I love hunting carp in the spring when they're spawning and have hit three in one shot before when the males are in a line following females, but I've had great times later as well catching them in the willows or up in the flats feeding.
To hunt in shallow marshy water it's best to use a little Jon boat with a trolling motor. You have to be semi quiet in shallows because they'll spook since they're scared of getting snatched up by predators.
I've shot a million wading around, but the ultimate is hunting them out of a Jon boat with an elevated stand. Being up high, you'll be able to see them a lot better. On good days you can literally fill your boat.
It doesn't take a powerful bow. Fish flesh is extremely soft and half the time your arrow will zip through them anyway. So don't feel out classed if you don't own the ultimate bow for fishing — you'll be OK.
My buddy Scott McGann always tapes up his fingers so he doesn't get burned pulling in the big ones. He recommends using the regular white athletic adhesive tape and wraps his fingers.

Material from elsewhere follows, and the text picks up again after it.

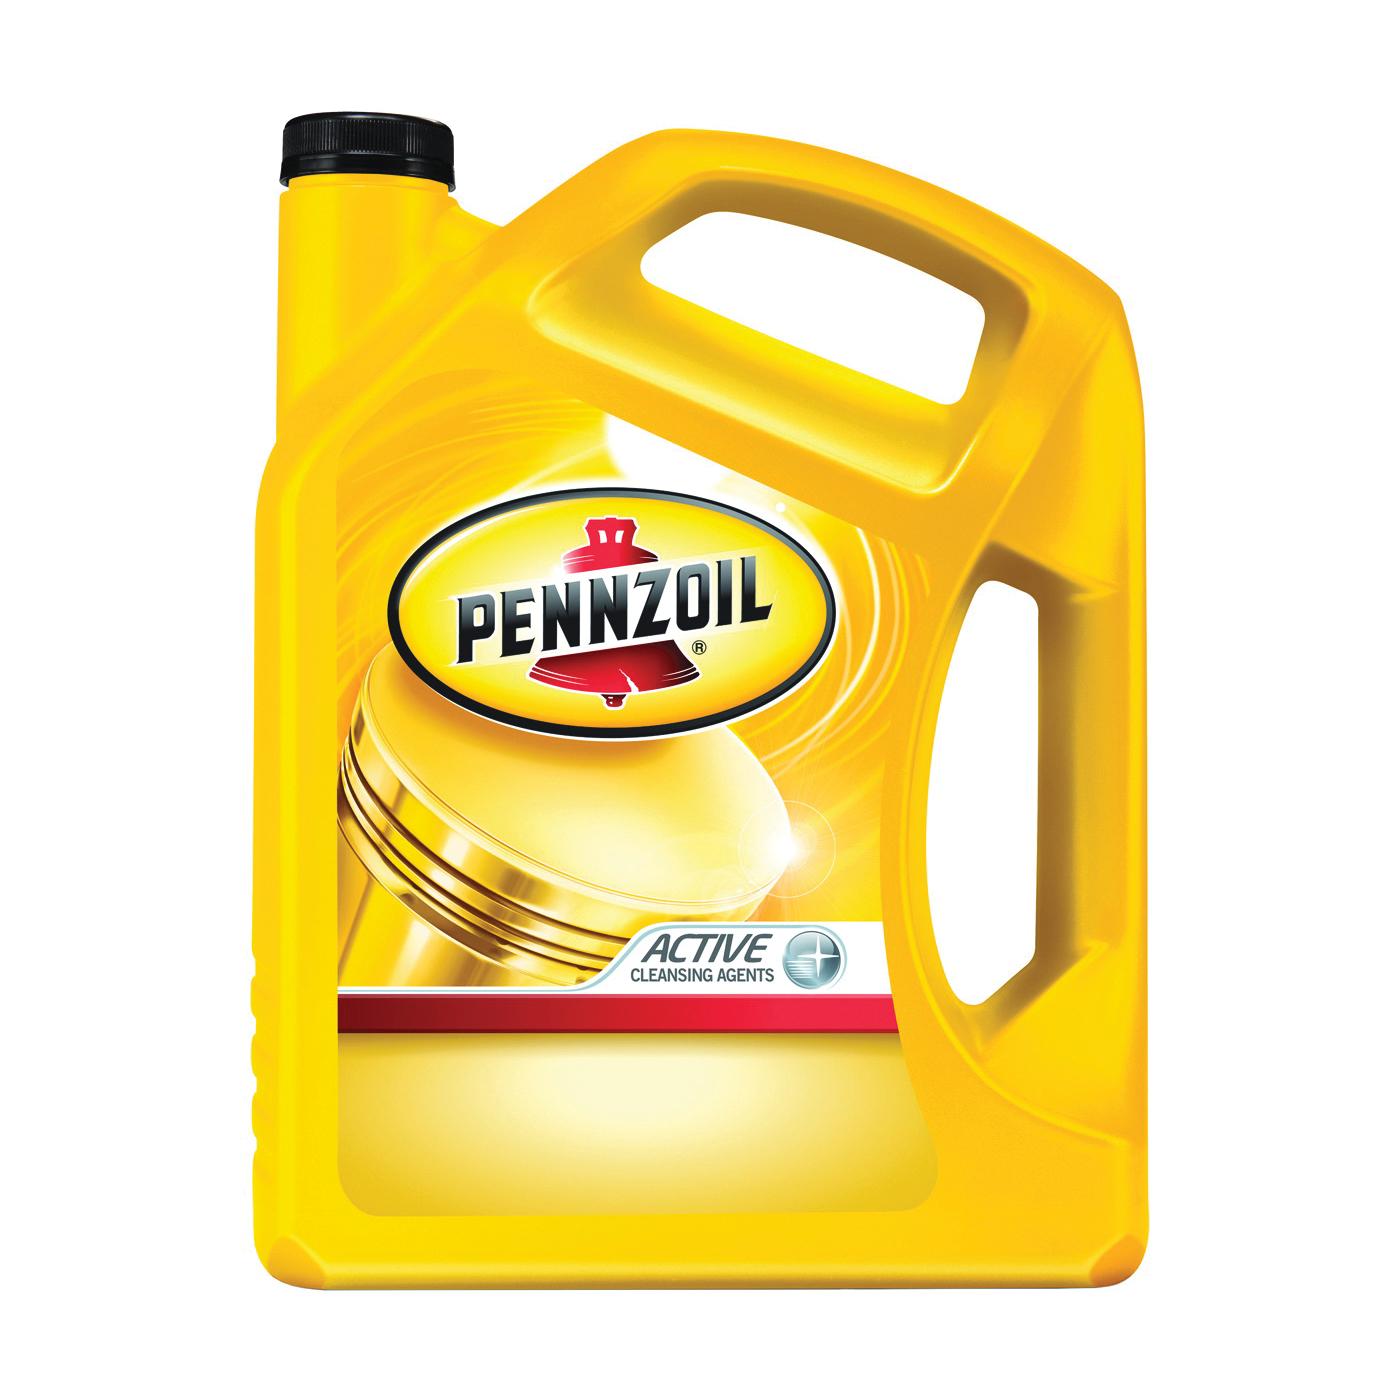 Picture of Pennzoil 550045210 Motor Oil, 5W-20, 5 qt Package, Bottle
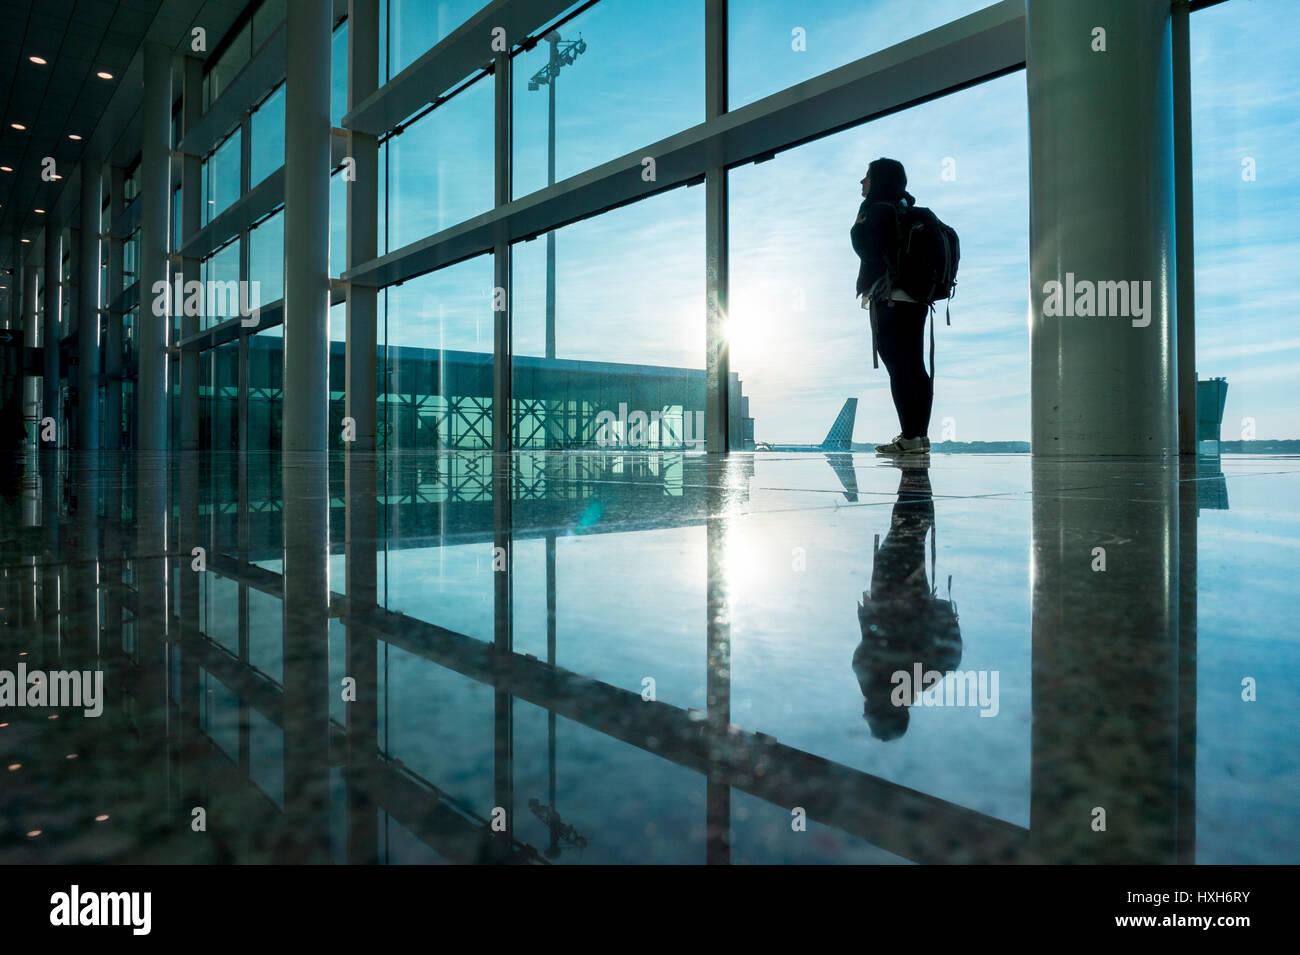 Woman backpacker waiting in El Prat airport, Barcelona - Stock Image

Some people use a release but many don't. Some use a shooting glove. If you use a glove then you won't have to tape your shooting hand other than maybe your little finger. On a good day you'll be glad that you wrapped your fingers.
If you're shooting super big fish, you may want to use a dip net. It will help keep from losing some of the bigger fish and may also keep from having your string getting cut and losing your arrow. I never use one but it's an option.